More about HKUST
Entity Resolution for Hidden Web Data
PhD Thesis Proposal Defence
Title: "Entity Resolution for Hidden Web Data"
by
Miss Xiaoheng Xie
ABSTRACT:
Entity resolution (ER) identifies and merges records judged to represent the
same real-world entity. With the development of the Internet, ER for hidden Web
data has become increasingly important in many real-world applications such as
online search engines, web data integration and so on. Hidden Web data often
originates from different data sources that usually have different schemas. As
a consequence, there is no one most efficient way to compare and merge records
from different schemas and thus the existing techniques proposed by putting all
records together under a unified schema are often not suitable.
In this thesis, we investigate ER methods for hidden Web data using a
multi-schema approach. That is, we keep the data under the original schemas
instead of placing them under a unified schema. First, we propose two
techniques for improving the performance of the multi-schema ER method
validity-ensured and order-sensitive (VEOS). By focusing on the existing
duplicates in the same schema, an expanding window is applied to VEOS to
enhance the recall performance.

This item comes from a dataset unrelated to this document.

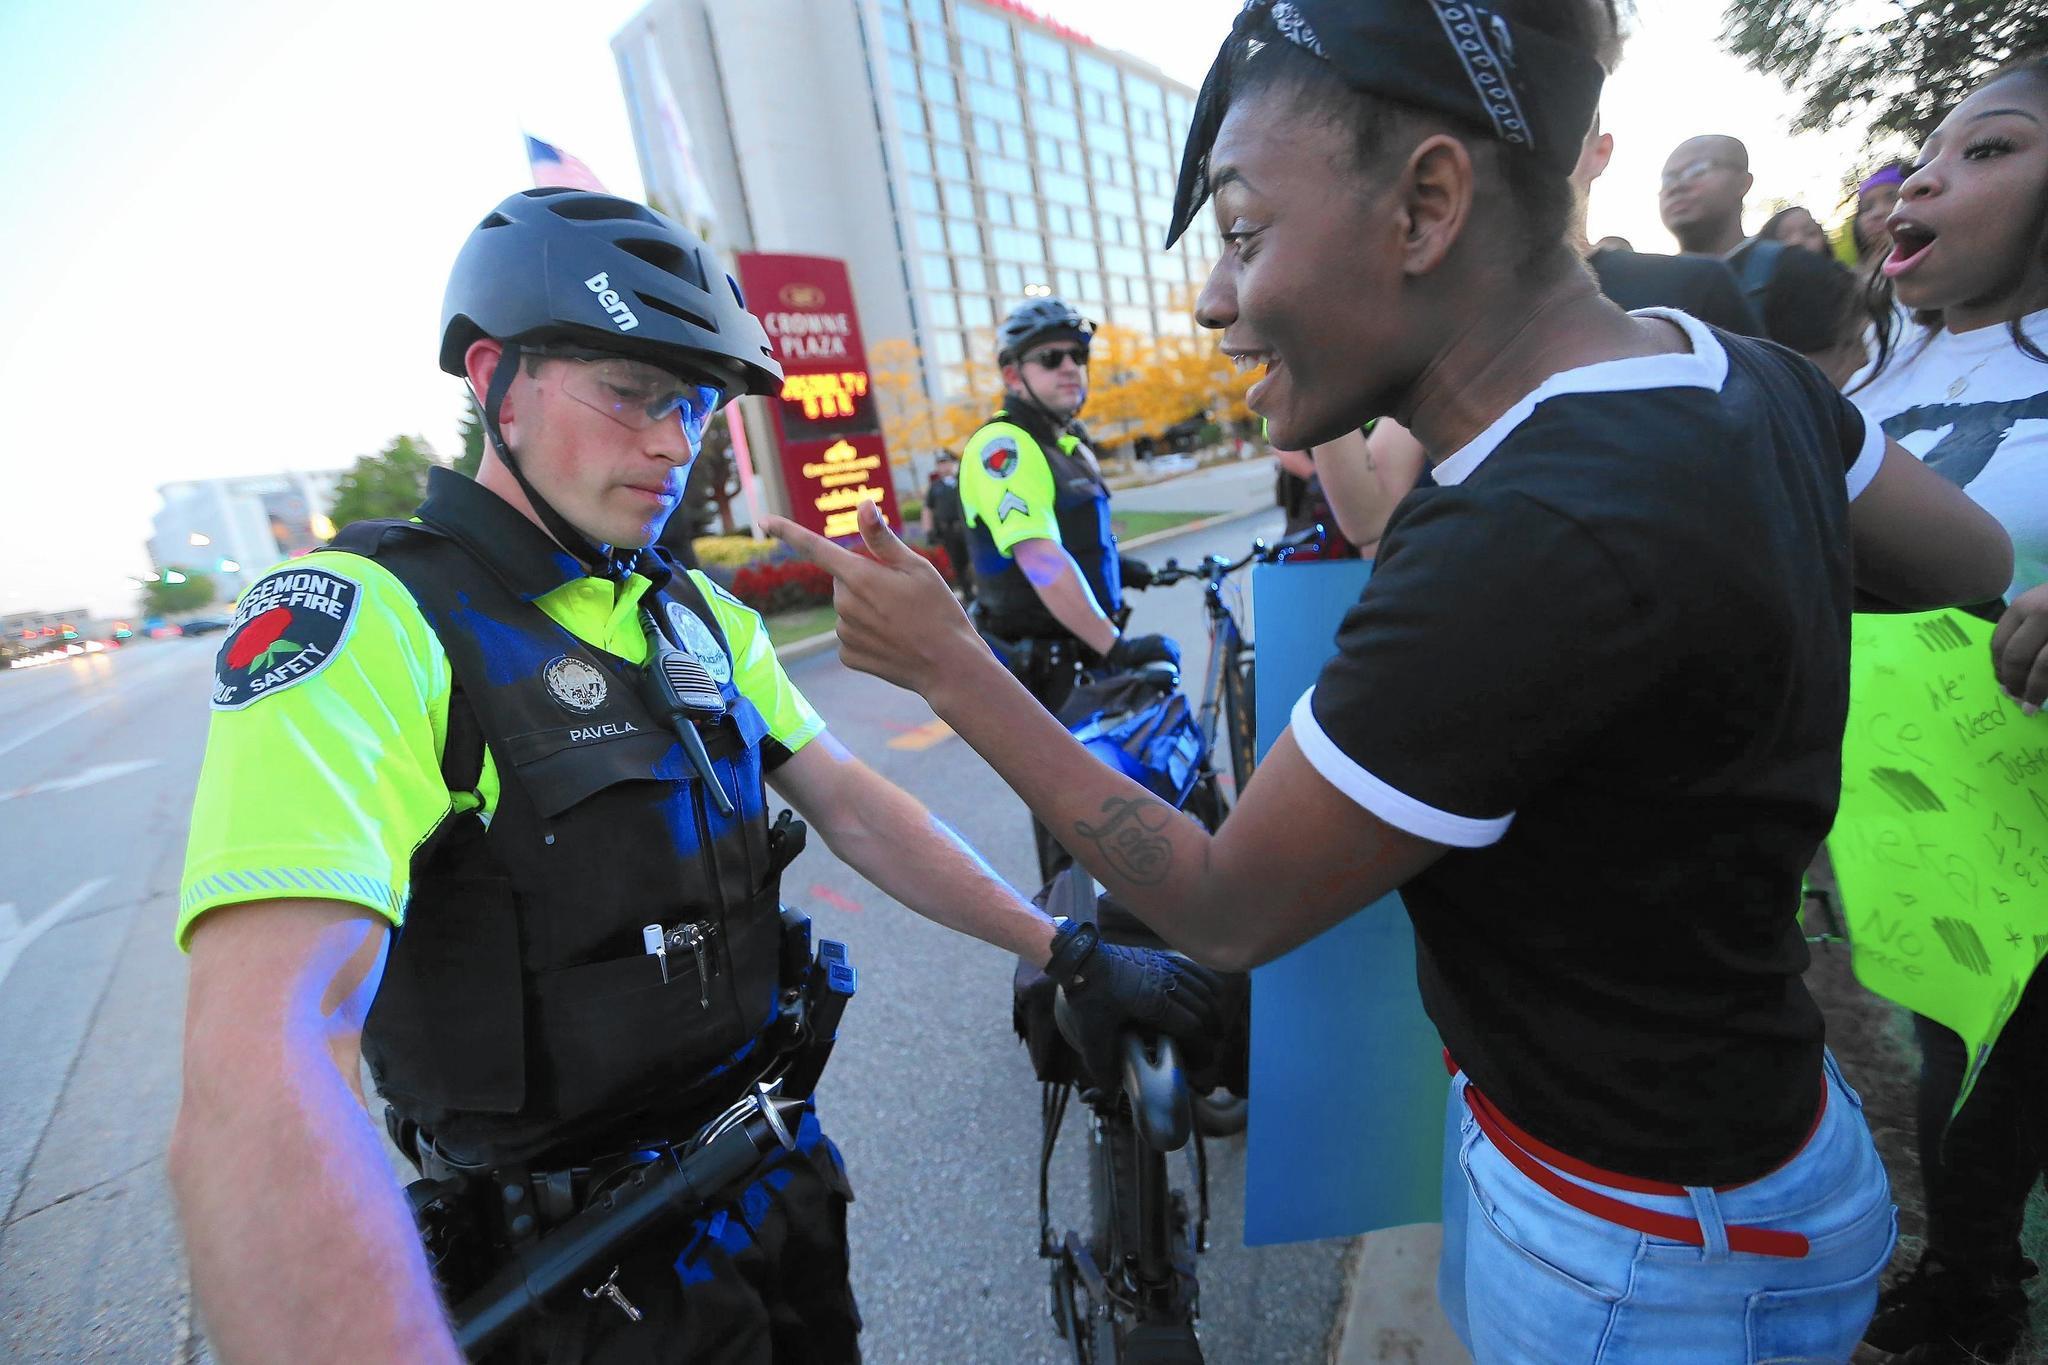 Kenneka Jenkins Case Highlights Mistrust Of Police

To reduce the number of record pair
comparisons, we separate the records in large data sets into several blocks, so
that only records in the blocks with the same key values need to be compared.
Then we propose an efficient ER method for on-line query data integration by
self-training the schema fields (attributes) so as to set appropriate weights.
We demonstrate through extensive experiments using real online data sets from
different domains and some reasonable synthetic data sets, the scalability of
the ER algorithms, the efficiency of the advanced VEOS approaches and the
effectiveness of our proposed ER method for online querying.
Date: Thursday, 19 April 2012
Time: 2:00pm - 4:00pm
Venue: Room 3408
lifts 17/18
Committee Members: Prof. Frederick Lochovsky (Supervisor)
Prof. Dik-Lun Lee (Chairperson)
Dr. Lei Chen
Dr. Raymond Wong
**** ALL are Welcome ****